3
votes

I'm currently using a Naive Bayes algorithm to do my text classification.

My end goal is to be able to highlight parts of a big text document if the algorithm has decided the sentence belonged to a category.

Naive Bayes results are good, but I would like to train a NN for this problem, so I've followed this tutorial: http://machinelearningmastery.com/sequence-classification-lstm-recurrent-neural-networks-python-keras/ to build my LSTM network on Keras.

All these notions are quite difficult for me to understand right now, so excuse me if you see some really stupid things in my code.

1/ Preparation of the training data

I have 155 sentences of different sizes that have been tagged to a label.

All these tagged sentences are in a training.csv file:

8,9,1,2,3,4,5,6,7
16,15,4,6,10,11,12,13,14
17,18
22,19,20,21
24,20,21,23

(each integer representing a word)

And all the results are in another label.csv file:

6,7,17,15,16,18,4,27,30,30,29,14,16,20,21 ...
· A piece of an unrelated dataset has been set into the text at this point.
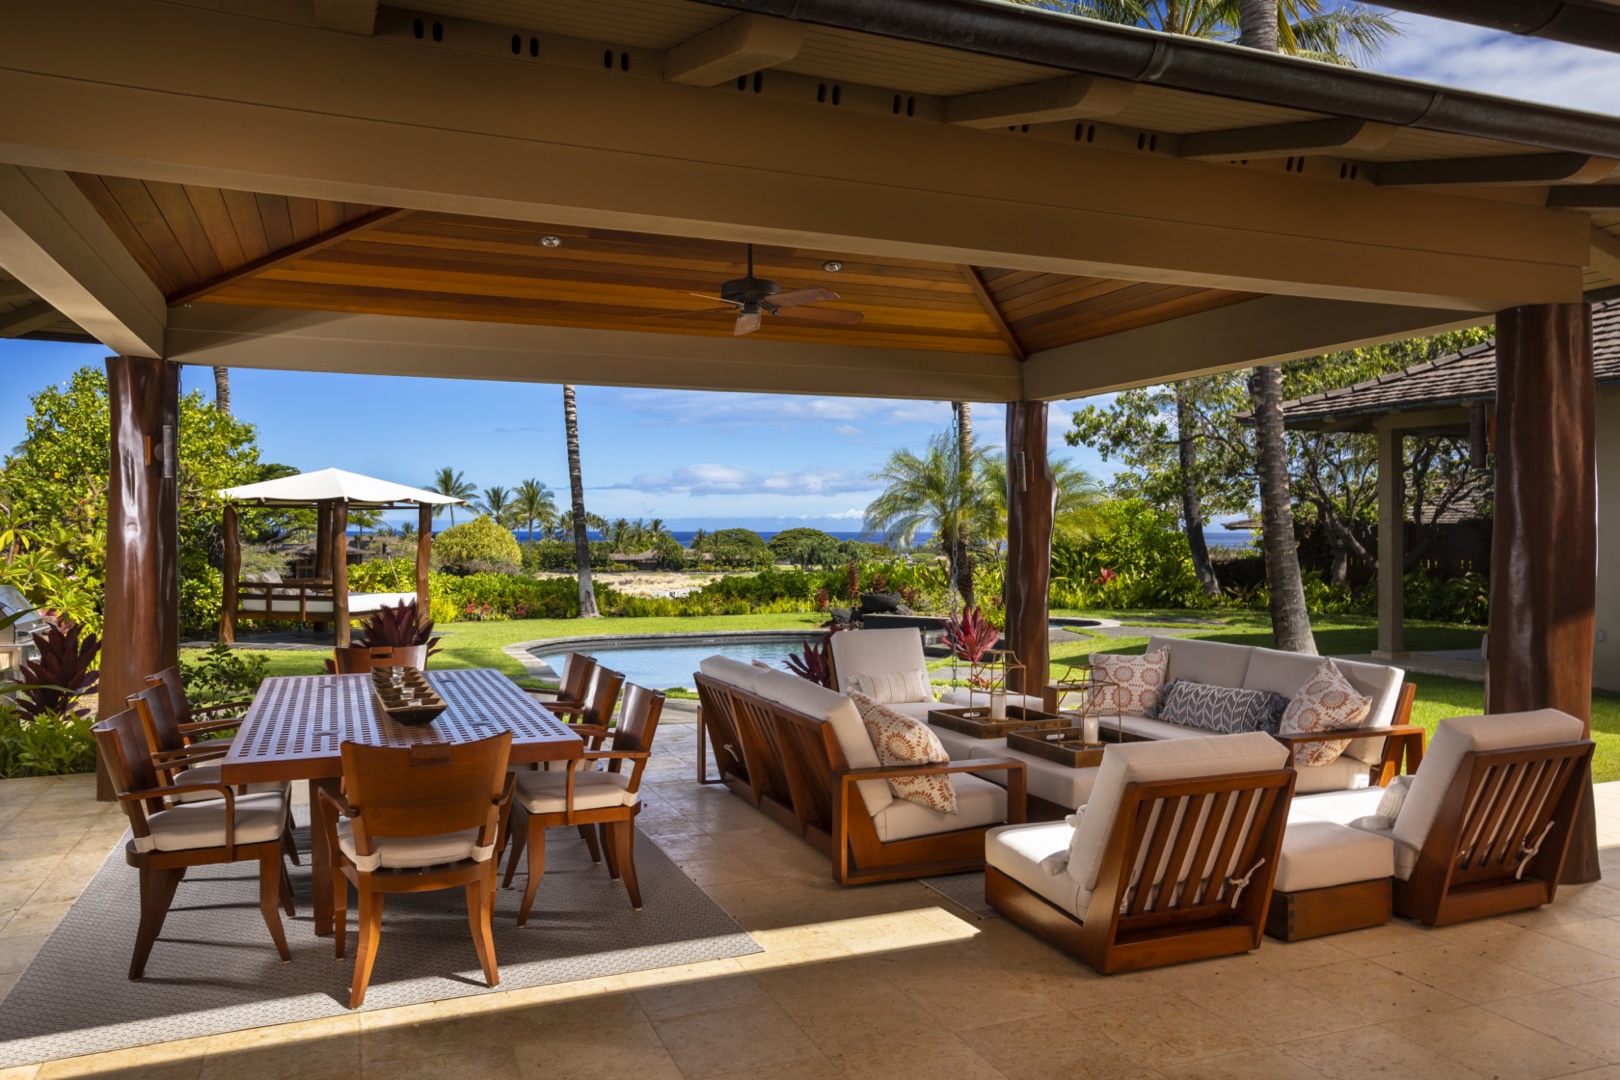 Kailua Kona Vacation Rentals, 4BD Kahikole Street (218) Estate Home at Four Seasons Resort at Hualalai - Stylish lanai lounge space, al fresco dining for 8 with ocean views & a nearby grilling station

I have 155 lines in trainings.csv, and of course 155 integers in label.csv

My dictionnary has 1038 words.

2/ The code

Here is my current code:

total_words = 1039

## fix random seed for reproducibility
numpy.random.seed(7)


datafile = open('training.csv', 'r')
datareader = csv.reader(datafile)
data = []
for row in datareader:
    data.append(row)



X = data;
Y = numpy.genfromtxt("labels.csv", dtype="int", delimiter=",")

max_sentence_length = 500

X_train = sequence.pad_sequences(X, maxlen=max_sentence_length)
X_test = sequence.pad_sequences(X, maxlen=max_sentence_length)


# create the model
embedding_vecor_length = 32
model = Sequential()
model.add(Embedding(total_words, embedding_vecor_length, input_length=max_sentence_length))
model.add(LSTM(100, dropout=0.2, recurrent_dropout=0.2))
model.add(Dense(1, activation='sigmoid'))
model.compile(loss='binary_crossentropy', optimizer='adam', metrics=['accuracy'])
print(model.summary())
model.fit(X_train, Y, epochs=3, batch_size=64)
# Final evaluation of the model
scores = model.evaluate(X_train, Y, verbose=0)
print("Accuracy: %.2f%%" % (scores[1]*100))

This model is never converging:

155/155 [==============================] - 4s - loss: 0.5694 - acc: 0.0000e+00     
Epoch 2/3
155/155 [==============================] - 3s - loss: -0.2561 - acc: 0.0000e+00     
Epoch 3/3
155/155 [==============================] - 3s - loss: -1.7268 - acc: 0.0000e+00  

I would like to have one of the 24 labels as a result, or a list of probabilities for each label.

What am I doing wrong here?

Thanks for your help!

1
I can't comment.. so i'll leave this as an answer: This may be helpful stackoverflow.com/questions/37543132/…Mancento
The problem is that you categories (Y) are not binary. binary cross entropy is used for two category classifications where the Y values are binary.DJK

1 Answers

4
votes

I've updated my code thanks to the great comments posted to my question.

Y_train = numpy.genfromtxt("labels.csv", dtype="int", delimiter=",")
Y_test = numpy.genfromtxt("labels_test.csv", dtype="int", delimiter=",")
Y_train =  np_utils.to_categorical(Y_train)
Y_test = np_utils.to_categorical(Y_test)
max_review_length = 50

X_train = sequence.pad_sequences(X_train, maxlen=max_review_length)
X_test = sequence.pad_sequences(X_test, maxlen=max_review_length)


model = Sequential()
model.add(Embedding(top_words, 32, input_length=max_review_length))
model.add(LSTM(10, dropout=0.2, recurrent_dropout=0.2))
model.add(Dense(31, activation="softmax"))
model.compile(loss='categorical_crossentropy', optimizer='adam', metrics=["accuracy"])

model.fit(X_train, Y_train, epochs=100, batch_size=30)

I think I can play with LSTM size (10 or 100), number of epochs and batch size.

Model has a very poor accuracy (40%). But currently I think it's because I don't have enough data (150 sentences for 24 labels).

I will put this project in standby mode until I get more data.

If someone has some ideas to improve this code, feel free to comment!